Под именем Чипо Чипо выходил он на свет дорог, но, назвавшись Чипо Чипо, сразу исчезал, и только оставалась от него, от вольного ягуара, колдовская сила, витавшая среди белок, попугайчиков и обезьянревунов, чтобы он снова мог объявиться, назвав себя Чипо Чипо, и снова стать самим собою — Чипо Чипо.
Кипящие болота, вздувшиеся волдырями стоячие воды под давящей, зеленой, губчатой мглой безмолвной сельвы; блики из черного серебра и жаркий, как в печи, воздух — все приходило в движение от его шагов по камням, от его дыхания, дыхания человека с легкими, полными крохотных рыбок, чтобы дышать под водой; или от его прыжков с лианы на лиану среди веток, распростершихся крыльями гигантских летучих мышей, или от взлетов вверх по стволам деревьев после сна на ворохе сухих листьев.
Он один умел произносить свое имя так, чтобы исчезать и появляться в одно мгновение, быть и не быть в одном и том же месте.

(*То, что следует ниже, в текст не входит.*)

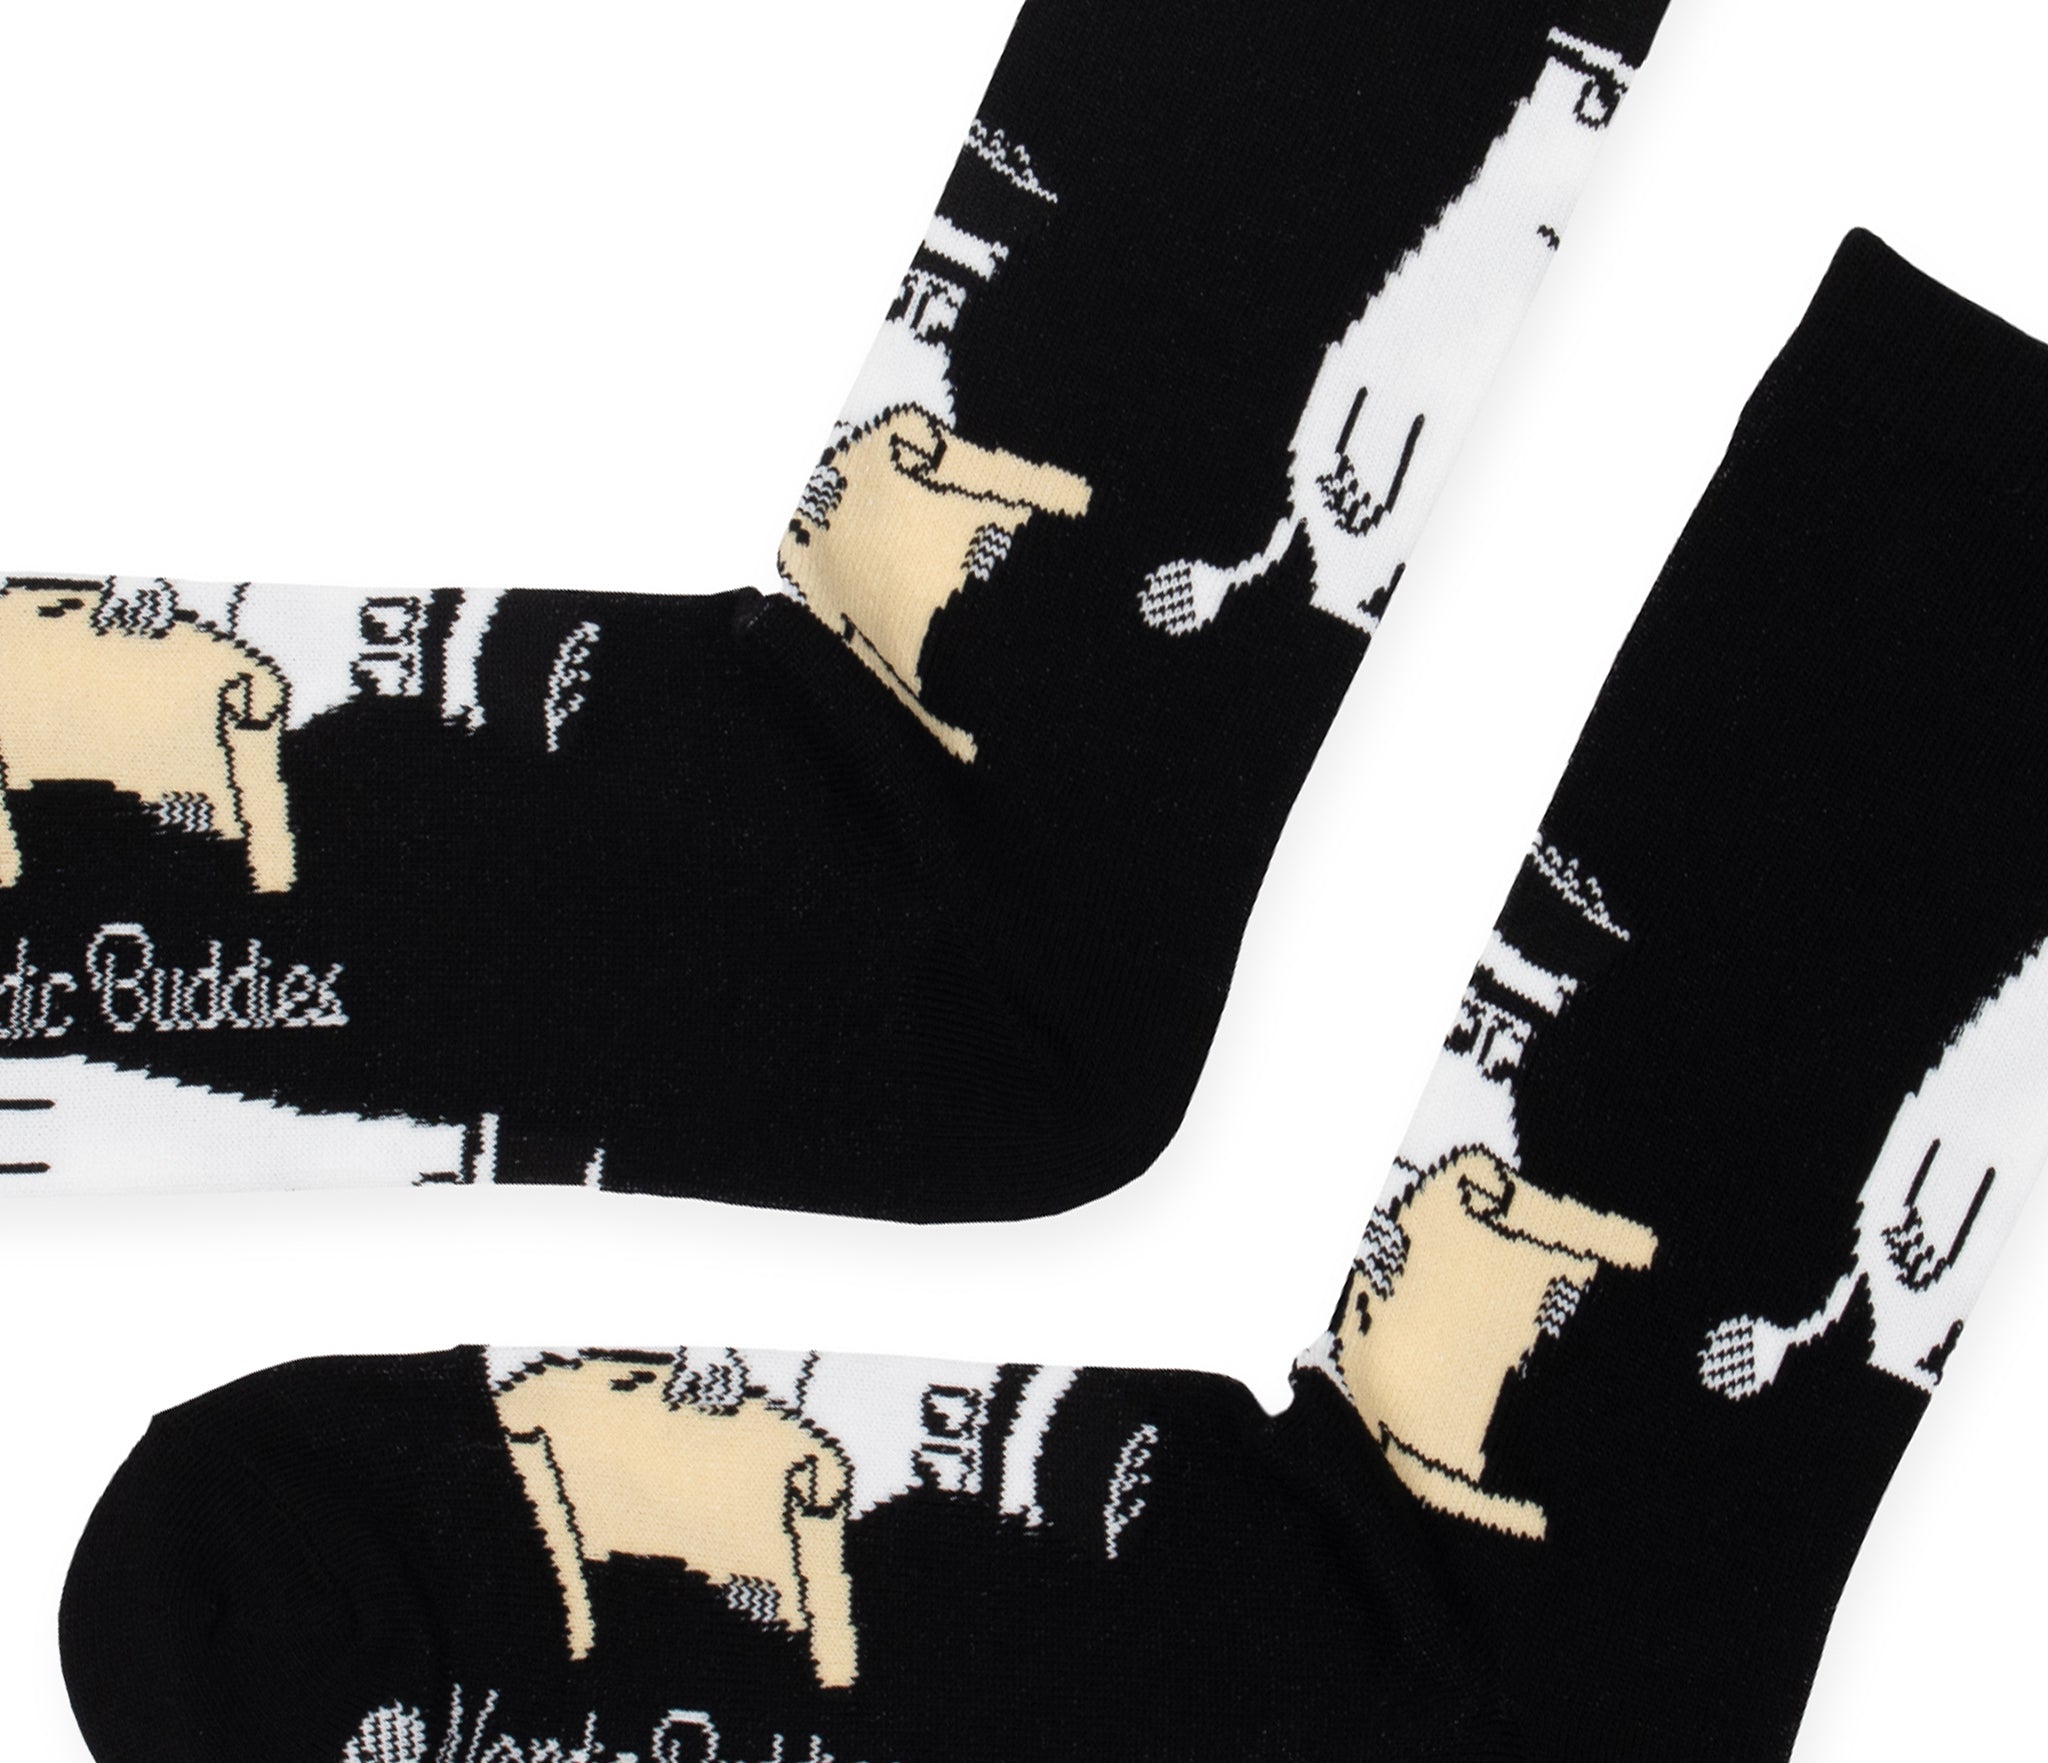 Moominpappa Men Socks - Black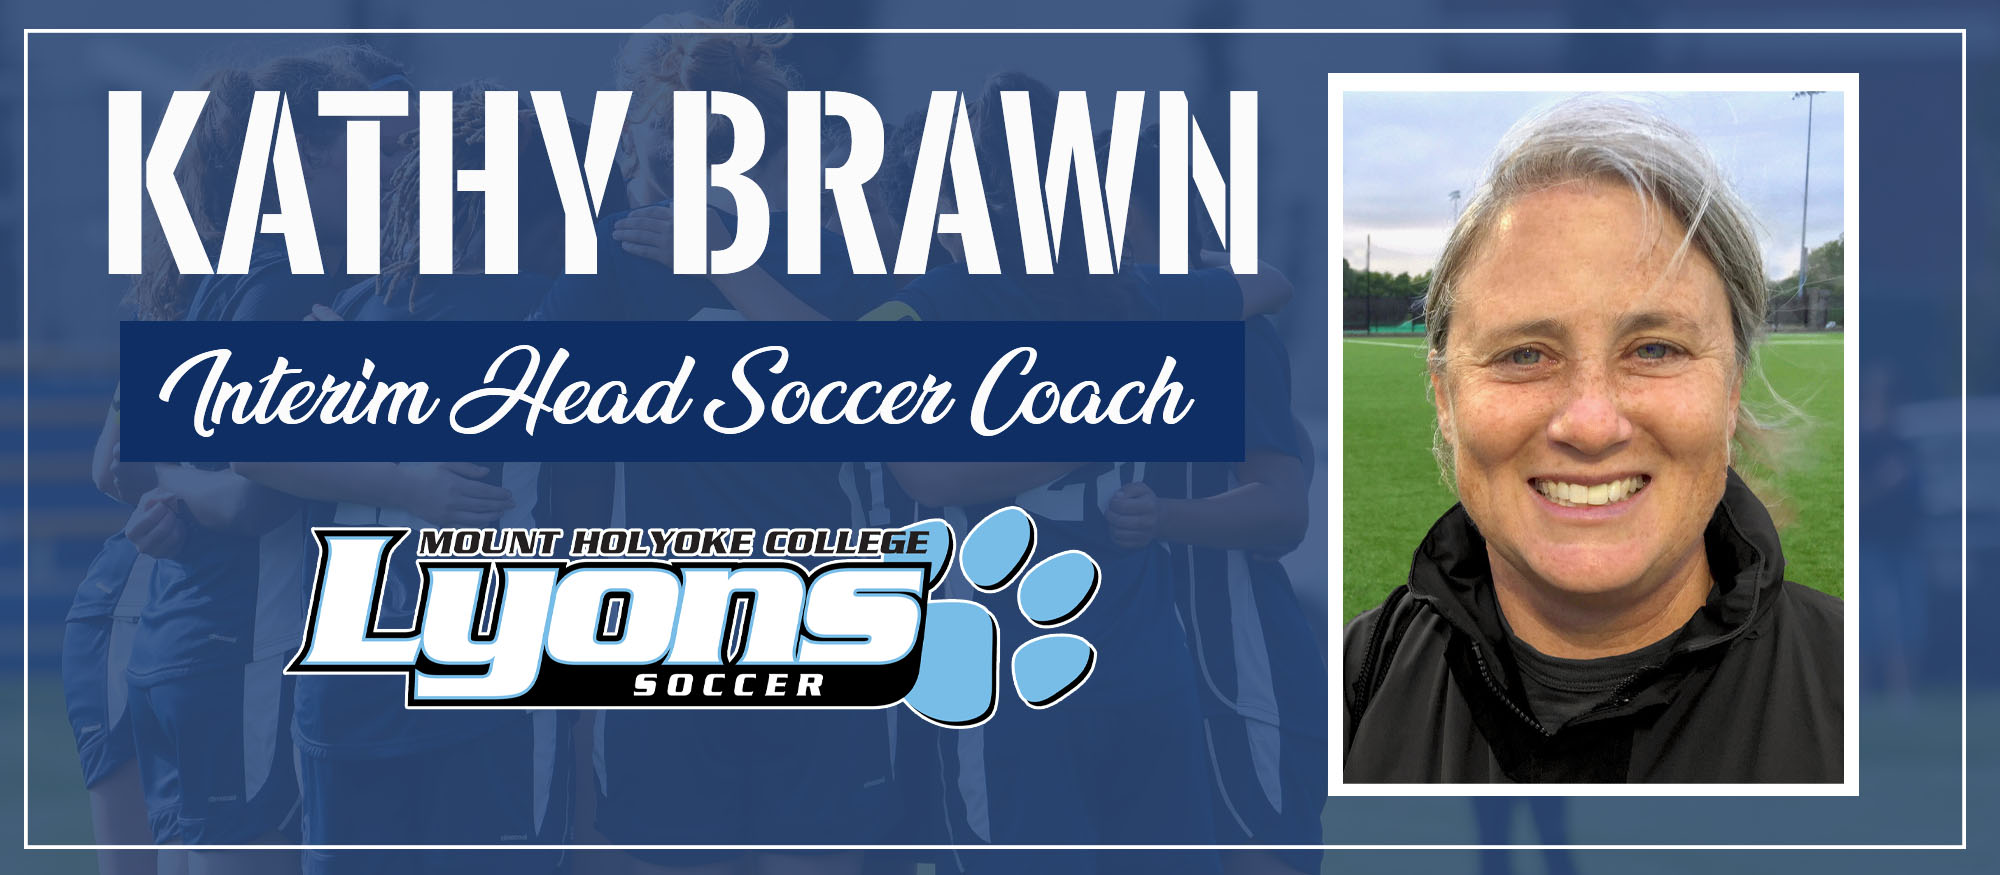 Kathy Brawn Named Interim Head Soccer Coach at Mount Holyoke College

И ветер гулял по хижинам, ветер, кислый от духа человека, всю жизнь толкущего муку из маниоки[15], когда он говорил, а говорил он жестко, твердо, прямо: «У вас купят землю, чтобы выбросить всех отсюда». Владельцы земли, их жены и многочисленное потомство женского и мужского пола, словно стояли на цыпочках, слушая его, такие они были худые, такие раздетые — острые уши, носы и плечи, — слушая тревожный голос, шелестевший по дворам и деревням, в сельве и в пойме реки Мотагуа.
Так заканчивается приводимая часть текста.